Data warehouse architecture version 3 – make a dimensional model
In phase one of the BI project, Health, Inc learned that it was very hard to understand the EPR data model and it required a lot of understanding of the EPR data model to create new reports. Having a DSA layer only helped solving the performance problems, it didn’t help us out on the data model problems. Matters get worse when we start phase two of the BI project – combine EPR data with blood sample test data from the BLOOD system. We now both need to understand the new data model from the BLOOD system, and also make integration queries between data from EPR and BLOOD.
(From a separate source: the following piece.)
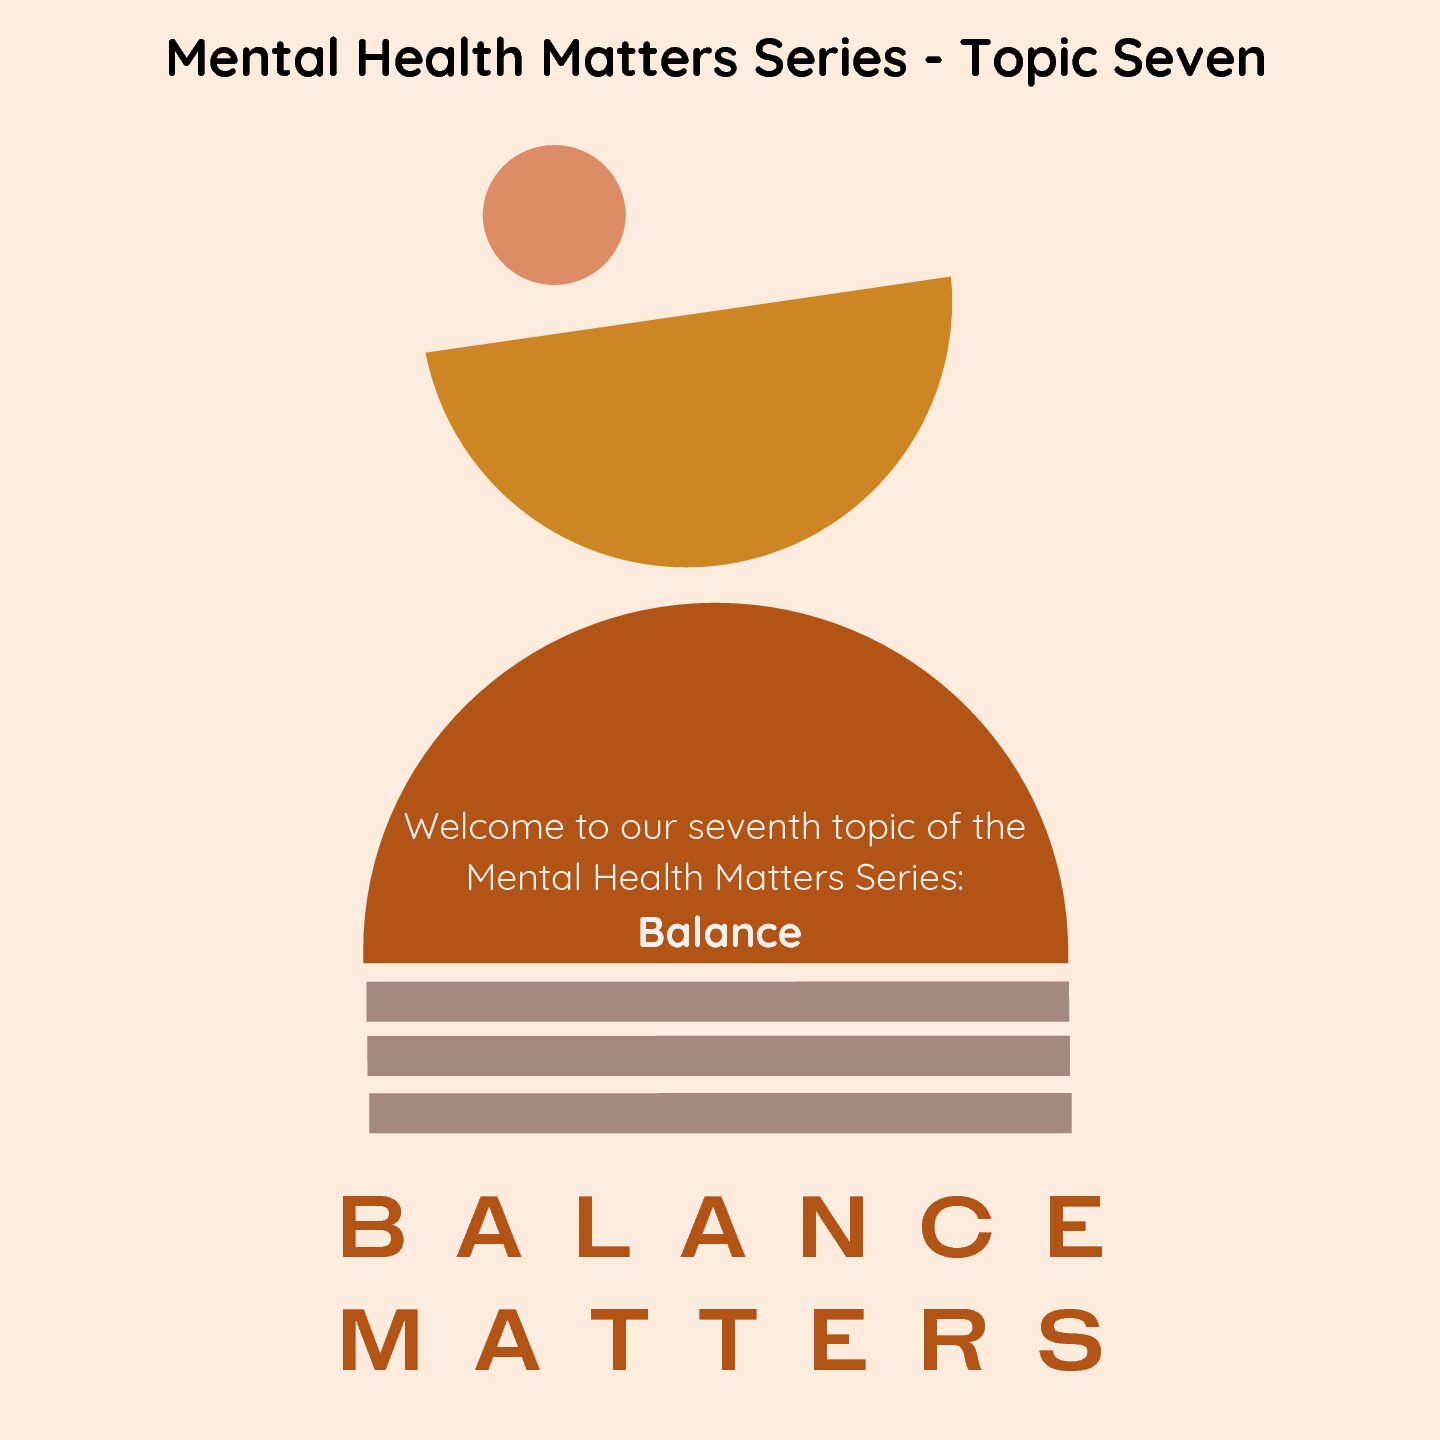 Mental Health Matters Series: Balance Matters

One solution to this mess is to create a completely new data model in a new data warehouse layer. We call this the Enterprise Data Warehouse (EDW). By introducing the EDW layer, we can isolate the data integration problems in the border between the DSA and EDW layers.
When we introduce a new data model, we also choose to make this model more understandable to our business users. A commonly recognized modelling technique is called dimensional modelling. A dimensional model lends itself nicely towards a pivot-table kind of reporting, which is much easier to work with in Online Analytical Processing (OLAP) scenarios.
We sometimes also call the EDW, the single version of the truth (this can be very difficult to achieve across an organisation).
Data warehouse architecture version 4 – data marts for different reporting purposes
In phase three of the BI projects, Health Inc. wants to roll out the BI solution to the different hospitals and also to selected clinics within hospitals. As part of the roll out, some types of reporting needs to be changed going down in the organizational hierarchy, and some consideration must be taken in order for controlling the right level of data granularity for organizational units. Maybe the central administration needs only to see data aggregated to the hospital level, whereas clinics need to see their own data detailed, but aggregated for their peers. We could put all this business logic in the presentation tool. But then we also limit ourselves to one presentation type of visualization tool, maybe we would like to pick different visualization tools for different roles. An architectural solution to this is to establish a data mart layer (DM) in the data warehouse, and encapsulate all this logic in the mappings between the EDW and the DM layers:
One size fits all?
So, this is one possible architecture to use for your data warehouse project. Is it needed for every type of BI project out there? Probably not. If you just need stove-pipe reporting on your ERP system, go with a simpler architecture. Do we need to persist data in all these layers? No, not necessarily. You might use database views for objects in some layers, especially data marts can be implemented using views. It seems complicated, doesn’t it make my data warehouse/BI project overly complicated and expensive to use an architecture like this? No, not necessarily. You could use data warehouse automation tools/frameworks like Effektor or Biml to establish this architecture. More on data warehouse automation some other time.